Shaw is founder and chief scientist of D. E. Shaw Research, which conducts interdisciplinary research in the field of computational biochemistry.

==Political activity==
Shaw has donated US$2.25 million to Priorities USA Action, a super PAC supporting Democratic presidential candidate Hillary Clinton in 2016 and $1 million to Organizing for Action.

==Contributions to Educational Institutions==
Through the Shaw Family Endowment, Shaw and his wife have donated over $37.3 million to various educational institutions including the Horace Mann School, Yale University, Stanford University, Harvard University, Princeton University, Columbia University, and Brown University. Publications such as ProPublica and The Daily Mail UK speculated that Shaw's donations may have been intended as a means of ensuring that each of his three children were granted admission to one or more of the recipient elite universities for their college educations. Shaw's donations were referred to by New York Magazine as "The Shaw Family Admissions Plan." Two of his children were accepted for admission to Yale.

==Personal life==
Shaw married personal finance columnist Beth Kobliner in 1993. They have homes in New York City and have also resided in a $75 million "manse" in Westchester County since 2012. Shaw purchased multiple homes and combined them for his "sprawling compound" in Westchester County, New York; the environmental impact and disruption to local villagers due to the enormity and opulence of the mansion was such that it received press attention from the Columbia Journalism Review and The New York Times.
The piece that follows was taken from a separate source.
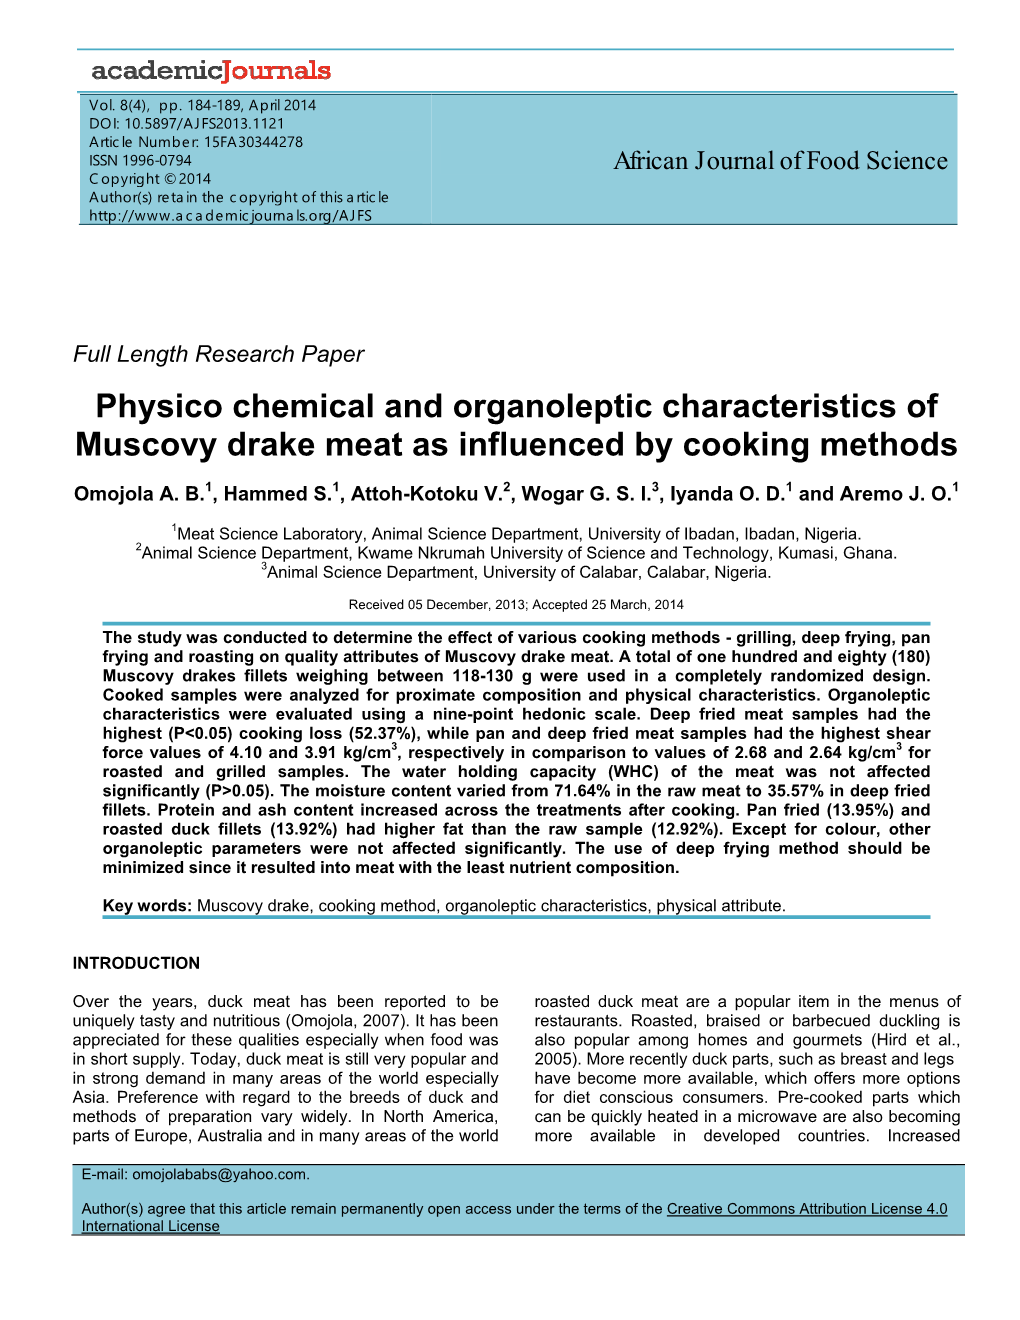 Physico Chemical and Organoleptic Characteristics of Muscovy Drake Meat As Influenced by Cooking Methods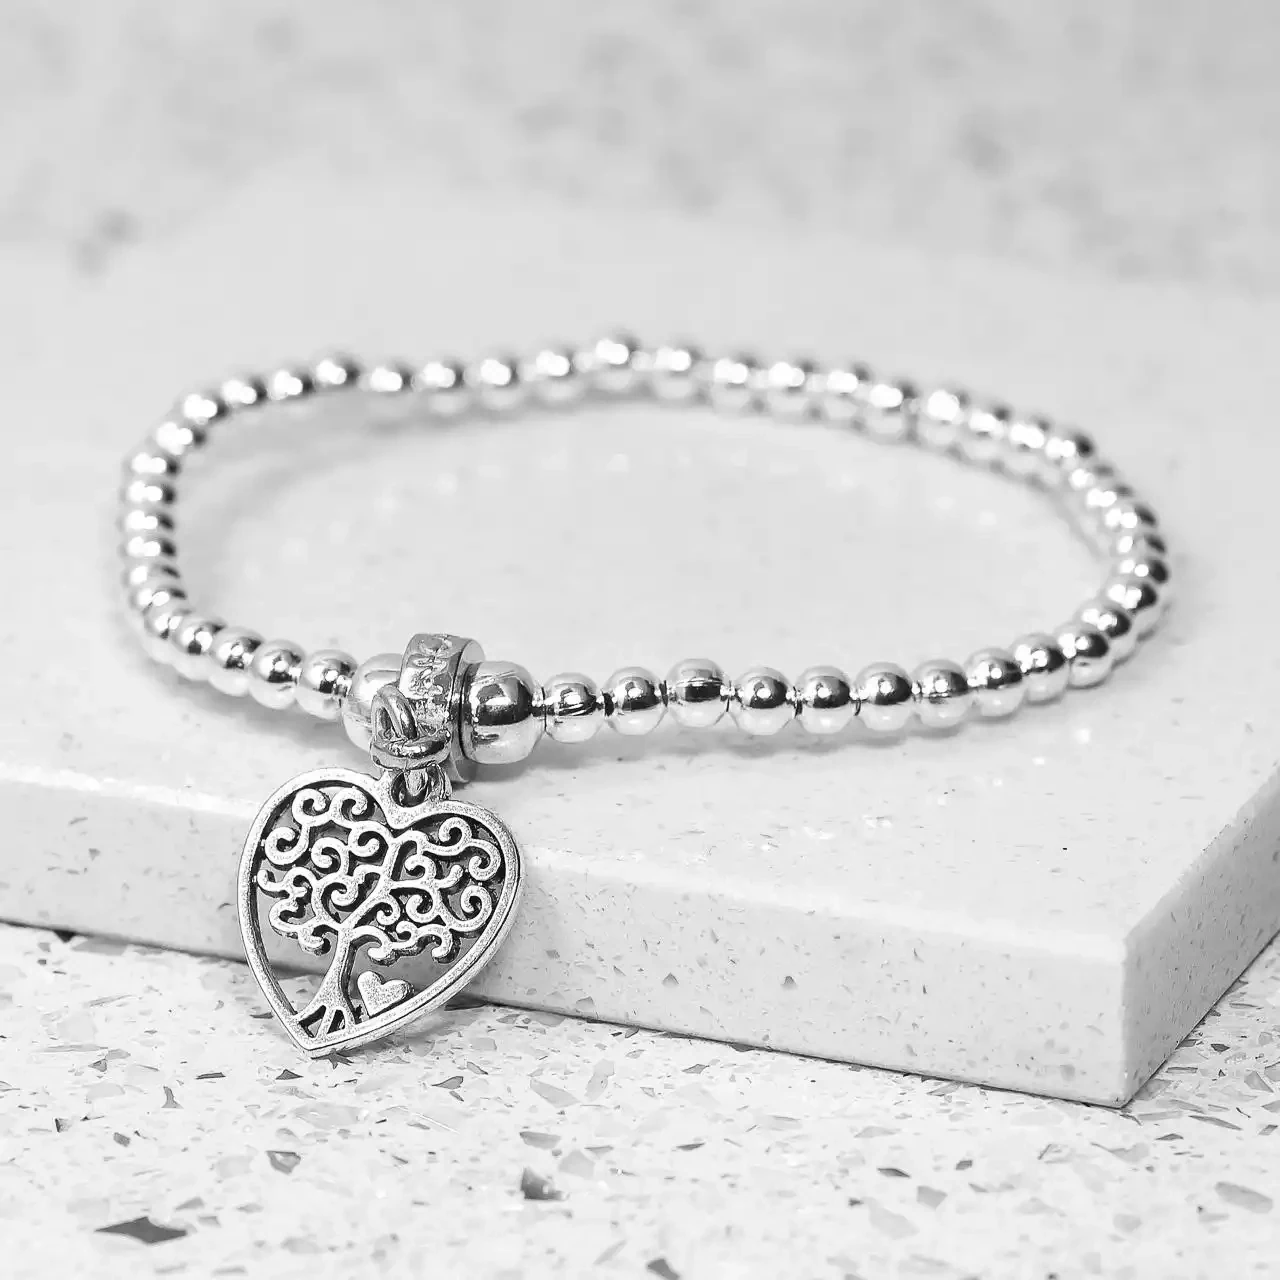 Seed Bead Bracelet With Pewter Heart Tree of Life Charm by Metal Planet

Their daughter is Rebecca Shaw, a Yale psychology major and alumna; she was briefly a writer for The Tonight Show Starring Jimmy Fallon and co-created the FX one-season series Adults with her husband Ben Kronengold. Their older son is Adam Shaw, a U.S. Treasury Department intern and Time writer.

== Honors ==
In 1994, Shaw was appointed by then-President Bill Clinton to the President's Council of Advisors on Science and Technology, where he was chairman of the Panel on Educational Technology. In 2000, he was elected to the board of directors of the American Association for the Advancement of Science and served as its treasurer from 2000–2010. In 2007, Shaw was elected as a fellow of the American Academy of Arts and Sciences. In 2009, he was appointed by President Obama to the President's Council of Advisors on Science and Technology. In 2012, he was elected to the National Academy of Engineering and in 2014 was elected to the National Academy of Sciences.